User Response: 10GbE Cluster Interconnect

Print Friendly, PDF & Email

Yesterday, we posted a summary and link to an article arguing for the general acceptance of 10GbE as a valid cluster interconnect platform.  We asked the readers to respond via comments with their independent research and comments.  We had hoped to get three or four responses.  Well, ask and ye shall receive.  Of the twelve comments, eleven were from readers.  There was so much great information, we felt it necessary to post the comments up by themselves.  Thanks to all who decided to respond with such great info!

Jeff Layton

I think the $500 is the cost of the NIC alone. You still need to buy the switch and the cables. So he’s a bit off on the per port costs.

Here’s a blog I wrote that might help (or might not).

http://www.delltechcenter.com/page/12-01-2008+-+10GigE+in+HPCC

Jeff Darcy

Back in May I did a quick survey of costs on the switch side. FWIW, here are the results from then; of course things will have changed since then, but it’s a start.

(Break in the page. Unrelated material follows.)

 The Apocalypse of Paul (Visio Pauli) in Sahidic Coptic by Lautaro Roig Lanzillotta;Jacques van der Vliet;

Force10 S2410 10GE: 24 ports for $18K or $750/port
Fujitsu XG700 10GE: 12 ports for $7K or $583/port
HP 2900-24G 10GE: 24 ports for $16.5K or $687/port
Myricom 10G-SW16LC-6C2ER 10GE: 16 ports for $12K or $750/port

Voltaire ISR9024 IB: 24 ports for $16.5K or $687/port
Melrow mumble IB: 24 ports for $16.5K or $687/port
SBS EIS-4024 IB: 24 ports for $7.5K or $312/port (SDR, others are DDR)

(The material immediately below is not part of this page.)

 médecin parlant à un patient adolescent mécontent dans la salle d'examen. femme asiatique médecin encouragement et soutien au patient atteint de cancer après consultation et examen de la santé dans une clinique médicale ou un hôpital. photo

In short, DDR IB seems to come in slightly less than 10GE per port, at twice the data rate, while SDR IB is less than half the cost for the same data rate. I suspect the per-packet CPU utilization is also better on the IB side, though the software complexity is greater.

Disclaimer: I work for an HPC vendor (SiCortex) which has little interest in 10GE/MX/IB as a cluster interconnect since we have our own built in.

John Leidel

Thanks to the Jeffs for a great series of comments! Like I said, its been several years since I had the pleasure of quantifying the costs of various interconnect technologies [when I did this, 10GbE was $1200+ per port].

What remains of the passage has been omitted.